Cut off from international credit markets, Argentina has relied heavily on Venezuela. Caracas has taken up US$2bn in Argentinian bonds this year, on top of US$2.2bn in 2007, US$2.3bn in 2006 and US$1.3bn in 2005. Venezuela has typically covered about 50% of market issuance.

About half of the US$13bn financing requirement in 2008 will be met by the fiscal surplus. With US$2bn covered by the bond sales to Venezuela, the remainder is likely to be absorbed the local market, including the pension fund industry.
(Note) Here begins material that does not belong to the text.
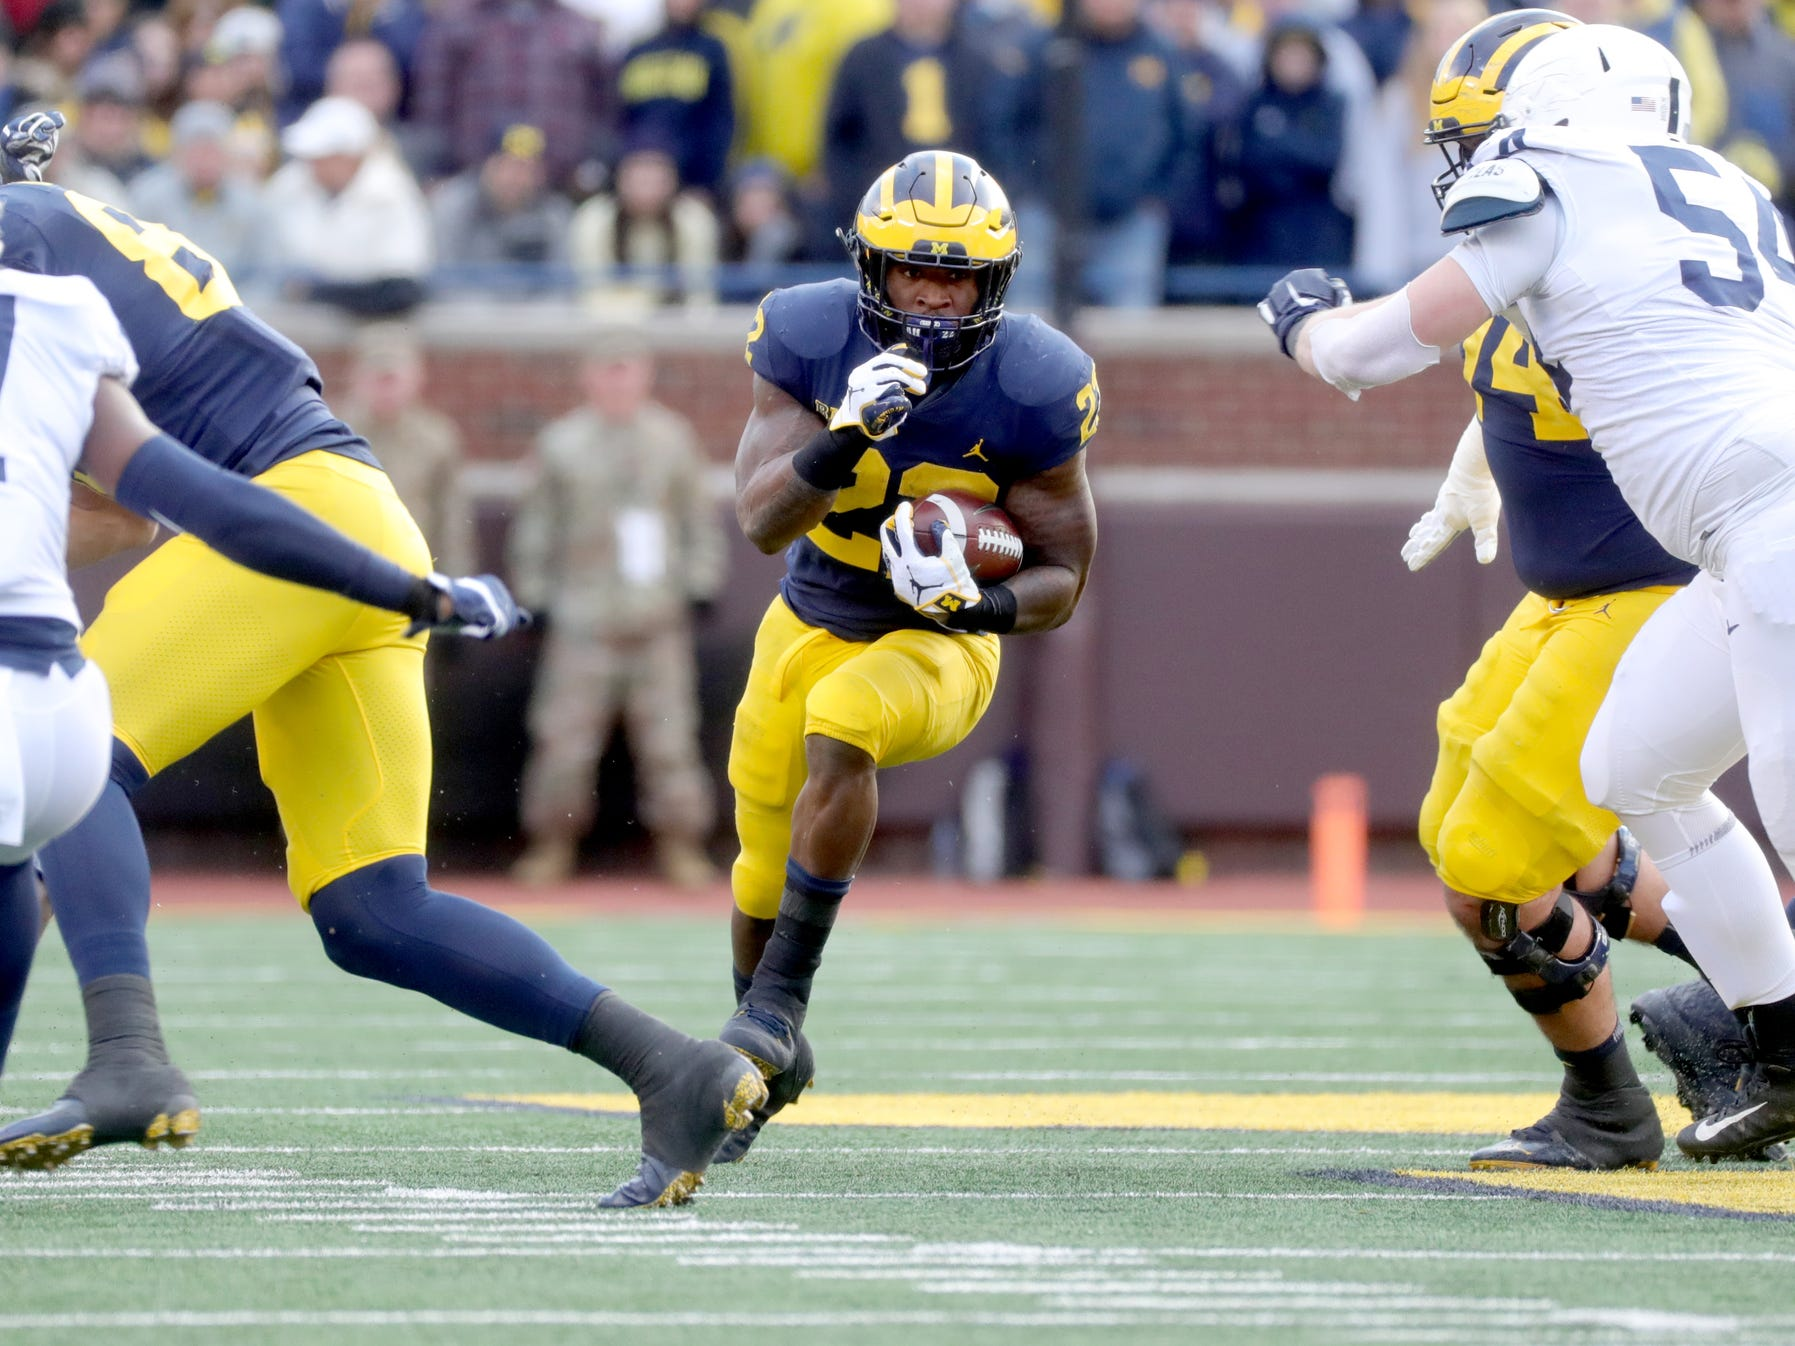 Michigan's Karan Higdon runs the ball against Penn State during the first half Saturday, November 3, 2018 at Michigan Stadium in Ann Arbor.

Reserves stood at over US$47bn in late July, providing quite a cushion, and the government would probably tap its reserves to meet any uncovered financing needs in 2009.

Unsustainable path
With financing needs rising in the medium term, and with fiscal revenue vulnerable to an inflation-driven collapse in domestic demand and a commodity price fall—the public finances have become increasingly exposed to commodity prices in recent years as the governments of Nestor Kirchner and now his wife, Cristina Fernández de Kirchner, have ramped up export taxes—Argentina’s creditworthiness is once again firmly under the spotlight. This is despite the fact that barely three years have passed since the country emerged from the largest debt-restructuring in emerging market history, and despite twin fiscal and current account surpluses and elevated GDP growth in recent years.

In July Ms Kirchner’s government, based mainly around the dominant Partido Justicialista (PJ or Peronist party), lost a vote in the Senate to uphold a new sliding scale system of agricultural export taxes introduced by presidential decree in March. The tax changes were introduced to boost government revenue, on top of tax rises instituted in November 2007 in response to soaring international commodity prices. However, prices for soya—Argentina’s main export—have now fallen 25% from the peak recorded in the first quarter of 2008.
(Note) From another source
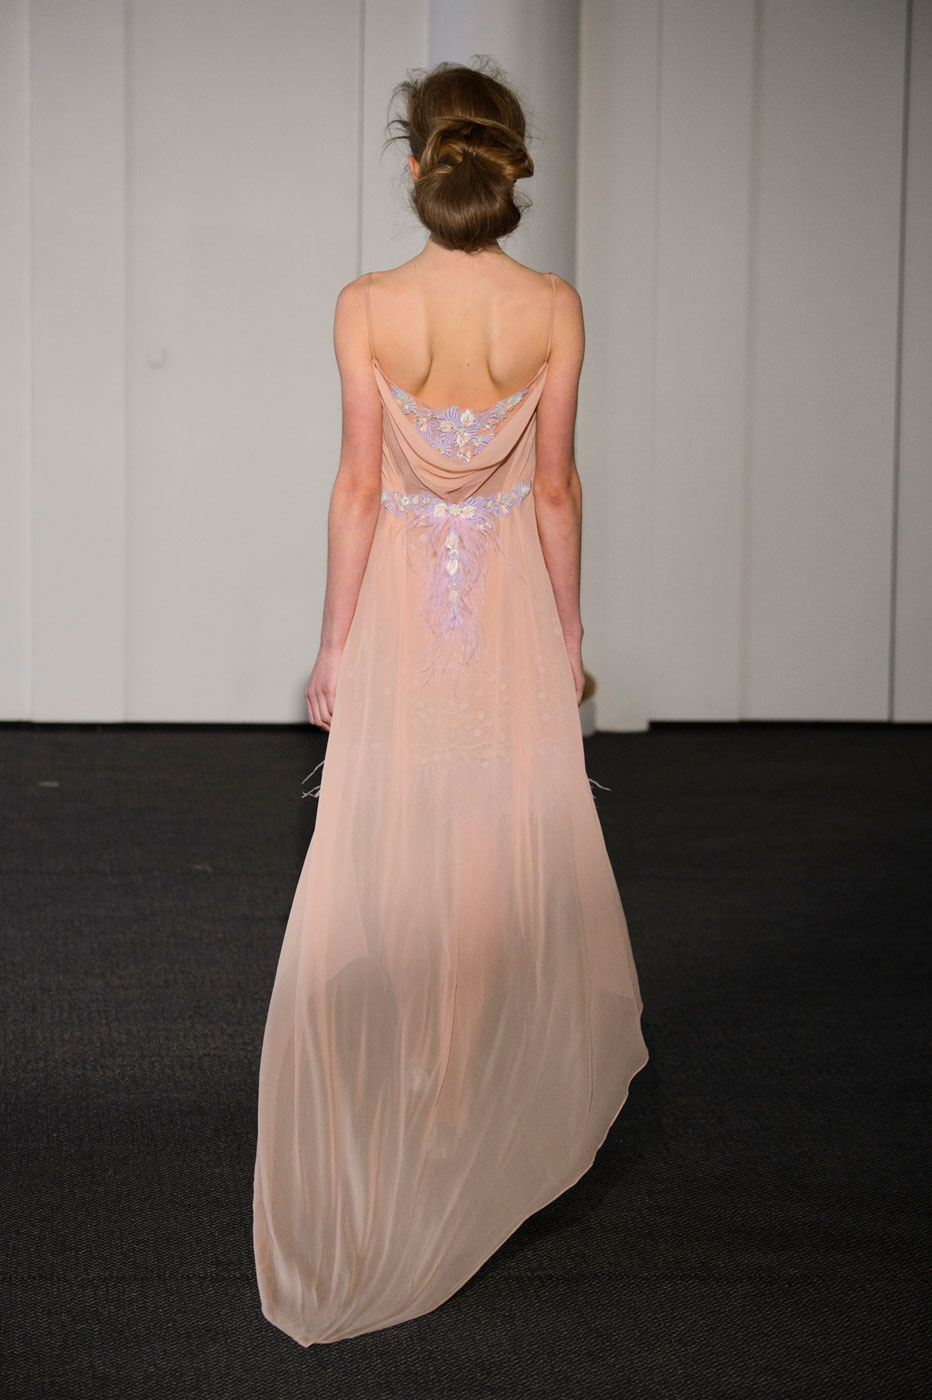 Busardi-fashion-runway-show-haute-couture-paris-spring-2015-the-impression-33

The abolition of the March export tax hike creates a revenue shortfall of around 0.5% of GDP in 2008. This, together with rising spending on subsidies—in the energy and transport sectors as well as cross-subsidies in the agricultural sector—will reduce the primary surplus to 3% of GDP or lower this year and the outlook is for a further mild erosion (assuming a hard landing is avoided for the economy) in the fiscal position in the medium term.

Credibility problem

The Kirchners’ failure to restore faith in inflation statistics, which have been heavily manipulated by the government since January 2007 to render a favourable reading, is weighing on the credibility of the government and its economic policies. Downplaying inflation artificially inflates real GDP growth as well understating the loss of export competitiveness and undercutting households’ buying power.

Should the Kirchners’ fail to adjust economic policies in order to avoid an inflation-driven collapse in domestic demand or massive capital flight, or address fiscal and financial challenges, Argentina could face spiraling debt-servicing costs and renewed bouts of capital flight.

Some pressure to adjust policies will come from within the ranks of Peronists themselves as they fret about the longer-term damage and their own political survival (the next presidential election is due to be held in October 2011), but it remains to be seen whether this will be enough to persuade the Kirchners to change tack.

A debt default is unlikely in the next twelve months, partly because the central bank has sufficient reserves to cover the country’s remaining debt-repayment obligations. But the risks thereafter are higher. The political calendar—mid-term congressional elections in which the Kirchners will try to patch up their battered popularity and weakened political alliance—does not bode well for taking the politically difficult policy decisions needed to put public finances on a sustainable footing.